Worum geht es bei Aquaria?

Aquaria: Cover des Originals und der deutschen Ausgabe
Aquaria: Cover des Originals und der deutschen Ausgabe

Auf der Schachtel bietet sich ein tolles Bild: Bunte tropische Fische schwimmen umher, eine kleine Schatztruhe liegt am Grund und im Hintergrund ist ein Feuerfisch zu sehen. Dieses Bild gibt es nur für die deutsche Ausgabe, wie Verlagsinhaber Uwe Bursik in unserem Interview zu Aquaria erläutert hat. Die Schachtelillustration steht sinnbildlich für das, was die Spielenden erwartet: eine Aquarium-Simulation. Dass so etwas nicht so einfach und leicht sein muss, ist nicht zuletzt durch den Autor zu erwarten. Und so kommt es dann auch anfangs gleich ganz „dicke“.

Aquaria: Karten im Spiel, Foto von Skellig Games
Karten im Spiel, Foto von Skellig Games

Problem: Die Anleitung ist mäßig

Während die Grundregeln im Prinzip eher einfach sind, entfaltet Aquaria den Spielreiz durch das Ineinandergreifen von unzähligen kleinen Teilmechanismen. Das wäre machbar, wenn die Anleitung nicht äußerst suboptimal aufgebaut wäre.

Worum es eigentlich geht und was die Hauptmechanismen sind, verliert sich im Text in kleinteiligen Anweisungen. Dabei fehlen der grobe Rahmen, wie alles zusammenspielt, und Tipps, worauf die Spielenden für eine gute Punkteausbeute achten sollten.

Diese Spielregel von Aquaria ist nicht dem deutsche Verlag anzulasten. Allerdings ist sie aus meiner Sicht letztlich wenig hilfreich, die einfachen Basisregeln optimal zu vermitteln. Das  kann und muss besser gehen.

Die Aufgabe bei Aquaria: Das eigene Aquarium optimal versorgen

Aquaria: Aquarium wird befüllt, Foto Michael Weber
Aquaria: Aquarium wird befüllt, Foto Michael Weber

Aquaria fordert alle auf, das eigene Aquarium möglichst mit passenden Fischen zu füllen, an ausreichend Futter zu denken sowie Sauerstoff, Filter und Mikroflora im Blick zu behalten. Nebenbei ist es hilfreich, das eigene Wissen aufzufrischen und hin und wieder der Zoohandlung einen Besuch abzustatten. Alle Aktionen sind aber letztlich darauf ausgerichtet, viele Punkte zu sammeln.

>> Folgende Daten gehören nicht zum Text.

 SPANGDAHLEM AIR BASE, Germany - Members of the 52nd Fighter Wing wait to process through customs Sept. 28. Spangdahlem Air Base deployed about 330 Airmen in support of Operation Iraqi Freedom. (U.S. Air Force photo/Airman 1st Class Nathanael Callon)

Das eigene Aquarium befüllen

Aquaria: Aquarium wächst, Foto Michael Weber
Aquaria: Aquarium wächst, Foto Michael Weber

Das eigene Aquarium steht im Mittelpunkt bei Aquaria. Hier werden Fischkarten platziert, Futterdosen genutzt und der Filter optimiert. Nebenbei gibt es mehrere Stellschrauben für die Mikroflora.

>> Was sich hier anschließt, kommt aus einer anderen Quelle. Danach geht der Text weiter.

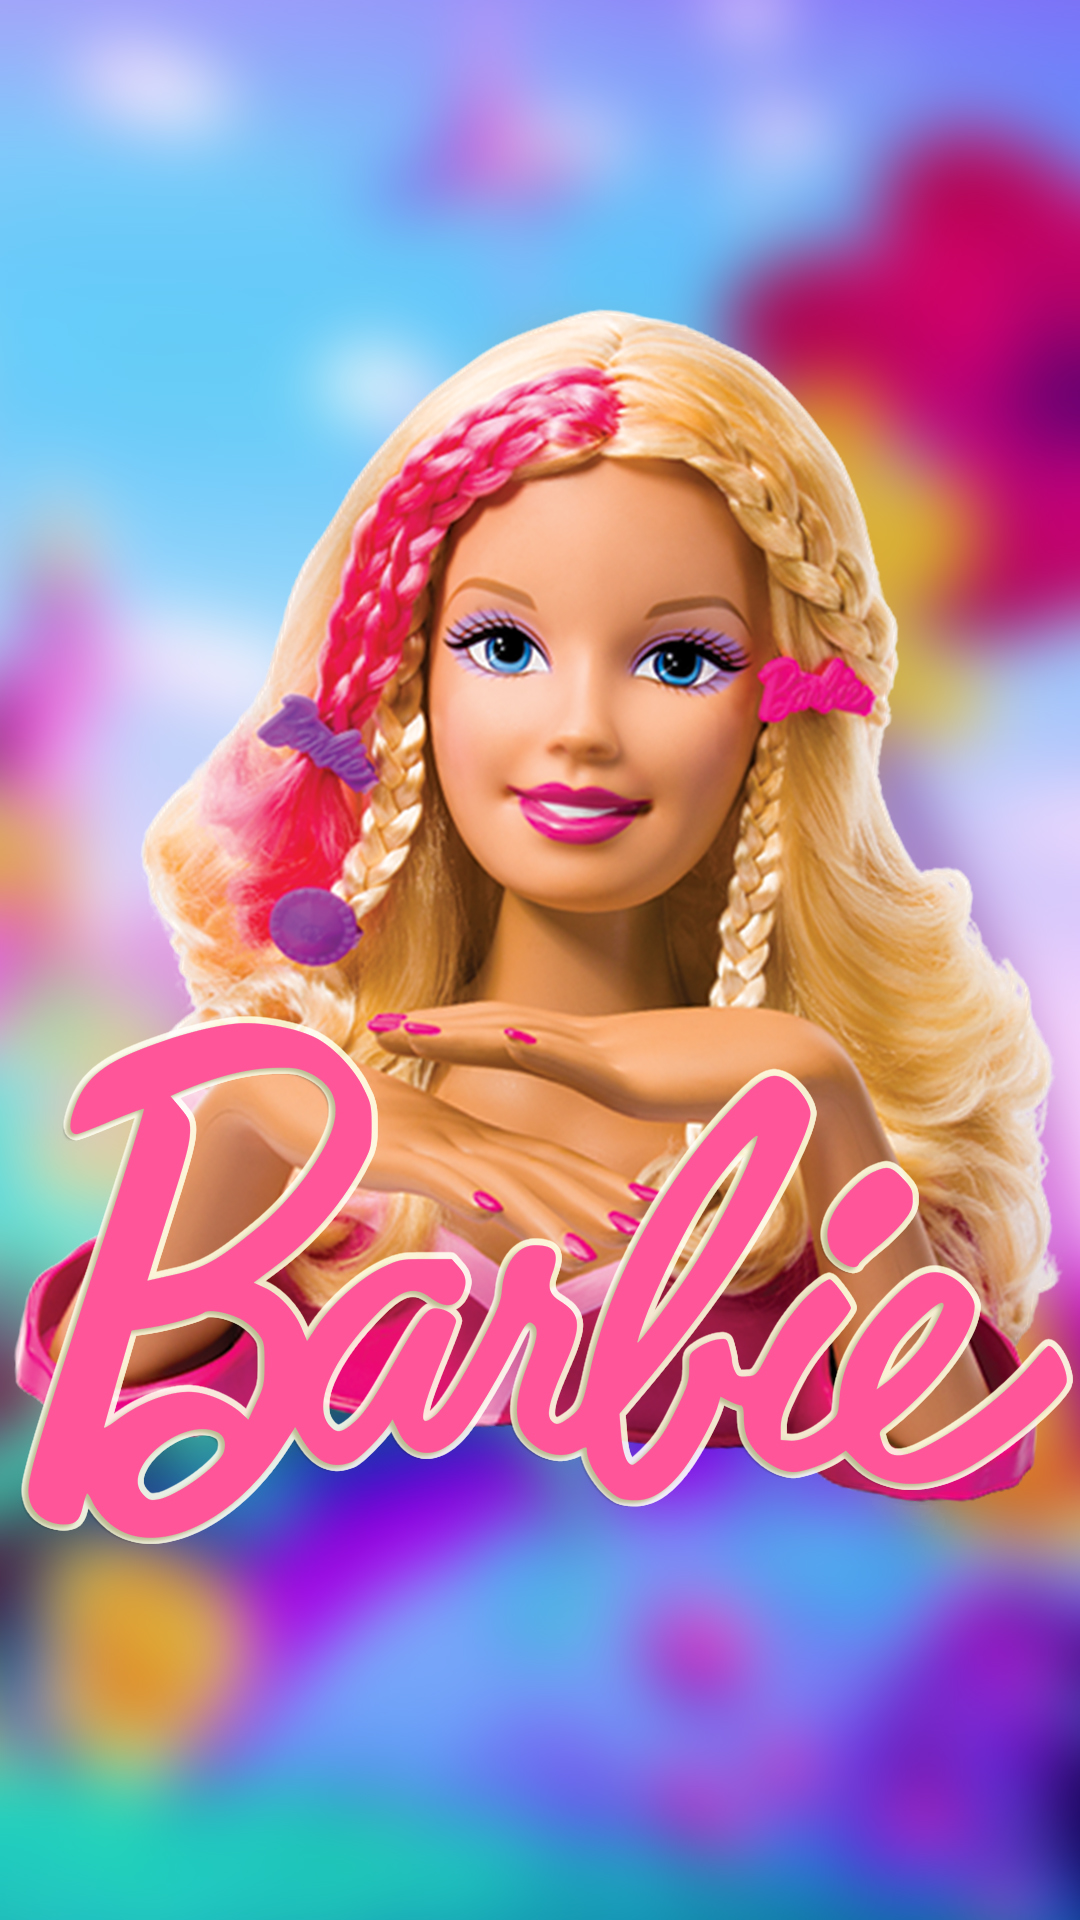 Phones for barbies

  • Fische und Pflanzen kosten beim Platzieren Sauerstoff und eine passende Aktion. Sie bieten aber sofort Boni und später Punkte sowie eventuell weitere Einkünfte. Das Problem: Viele der Fische müssen am Ende jeder Runde mit passendem Futter versorgt werden.
  • Der Filter besteht aus Filterschwamm und einem Bereich, in den Plättchen gelegt werden können. Sobald der Schwamm komplett ist, werden die Plättchen gewertet, was Punkte (u. a. für Sauerstoff) und Annehmlichkeiten bringen kann.
  • Die Mikroflora wird durch Drehschalter symbolisiert. Wenn diese auf zur Runde passenden Farben stehen, erhält man einen fixen Bonus. Drehen lassen sich diese Knöpfe unter anderem bei neuen Fischen und Pflanzen (häufig an Reihe und Spalte der Platzierung gebunden) sowie durch Fortschritt auf dem Wissenstableau.
Aquaria: Fische, Foto Michael Weber
Aquaria: Fische und Pflanzen, Foto Michael Weber

Einen wichtigen Aspekt verschweigt die Anleitung leider: Der frühe Fisch schnappt den Punkt. Je früher viele Fische im Aquarium umherschwimmen, die viele Punkte generieren, desto besser. Denn es gibt vier Wertungsrunden. Wer Fische schon in der ersten im Wasser hat, bekommt potenziell viele Punkte – muss aber natürlich auch häufiger  füttern.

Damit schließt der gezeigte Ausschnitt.